Deviations from Henri-Michaelis-Menten Kinetics by NiR

We started by measuring the catalytic activity (kt) of nitrite reductase versus pH

with pseudoazurin as the electron donor at saturating concentrations. The peak of maximum activity was observed around pH 5.6 at 500 µM nitrite while at 5 mM nitrite it occurred at pH 6.0 (Figure 1A). Interestingly, the maximum activity was 25 % higher with 500 µM nitrite than with 5 mM nitrite. To investigate this phenomenon further, we assayed the activity as a function of nitrite concentration. At pH 4.9, the dependence of activity on nitrite concentration showed an initial maximum followed by a steady decrease at higher nitrite concentrations (Figure 1B) that could be fitted to equation 7 resulting in kcatB/kcatA <

0.4.

To investigate the possible dependence of these kinetics on the electron donor benzyl viologen was used instead of pseudoazurin, again at saturating concentrations. Benzyl viologen is a synthetic dye that is a far stronger reductor (EM = -350 mV versus

NHE ) than pseudoazurin (EM = 295 mV at pH 6 (chapter 3)).
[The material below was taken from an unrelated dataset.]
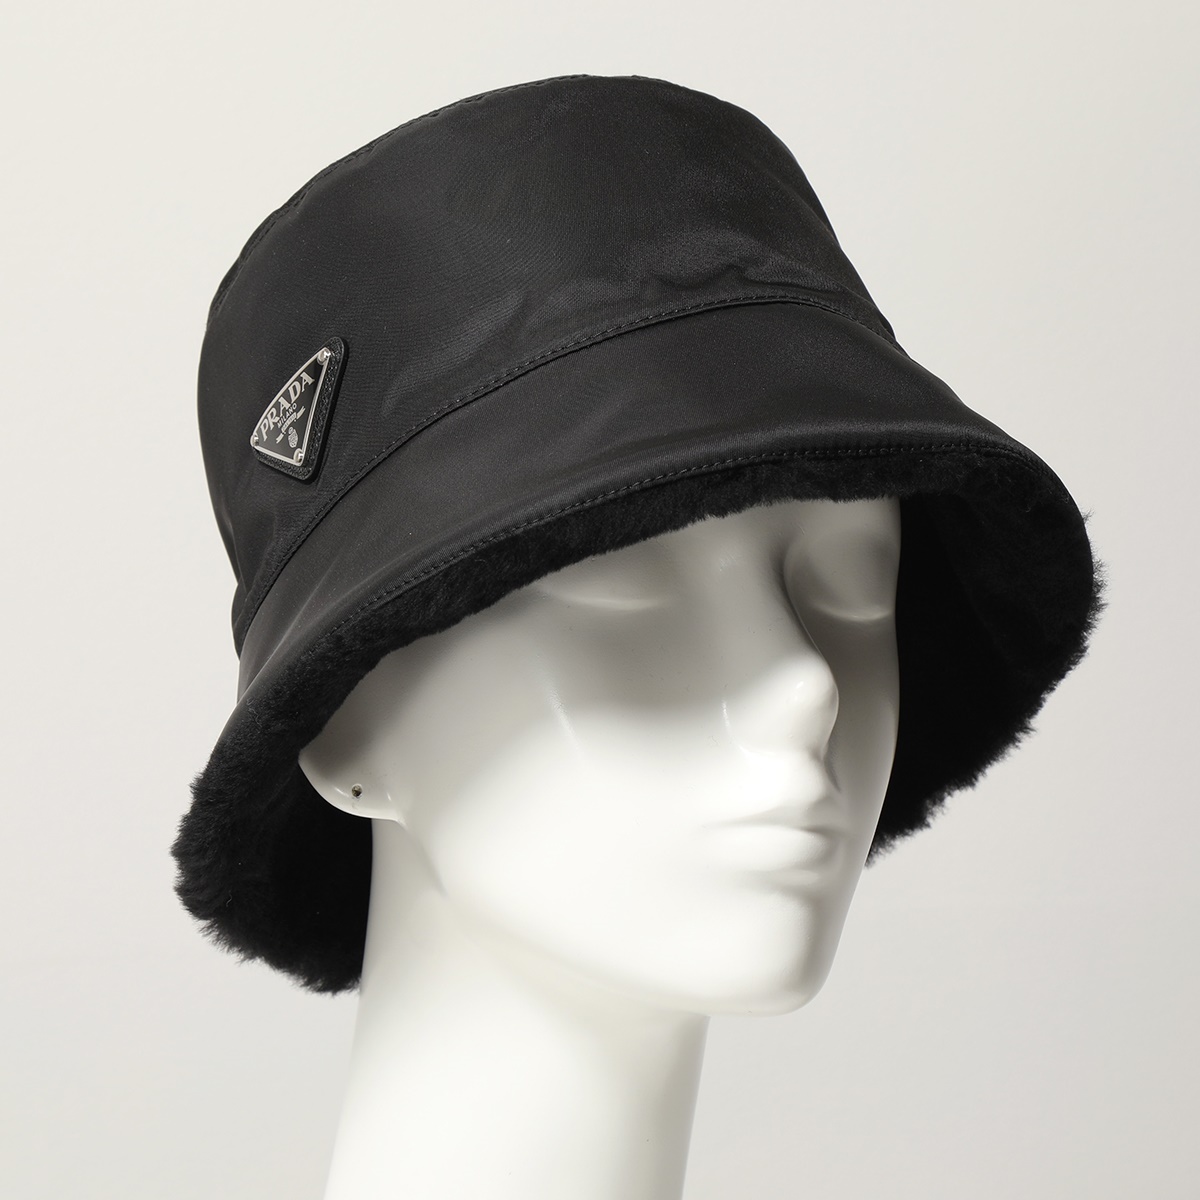 プラダ PRADA バケットハット ハット ロゴ Lサイズ 帽子 ブラック 黒

Furthermore, benzyl viologen

is expected to reduce NiR via a non-specific collisional mechanism while pseudoazurin forms a specific complex with NiR (79, 80, 100); and we wanted to exclude that the complex formation might affect the catalytic properties. Also with benzyl viologen as the electron donor, the catalytic rate diminished at higher nitrite concentrations (Figure 1C).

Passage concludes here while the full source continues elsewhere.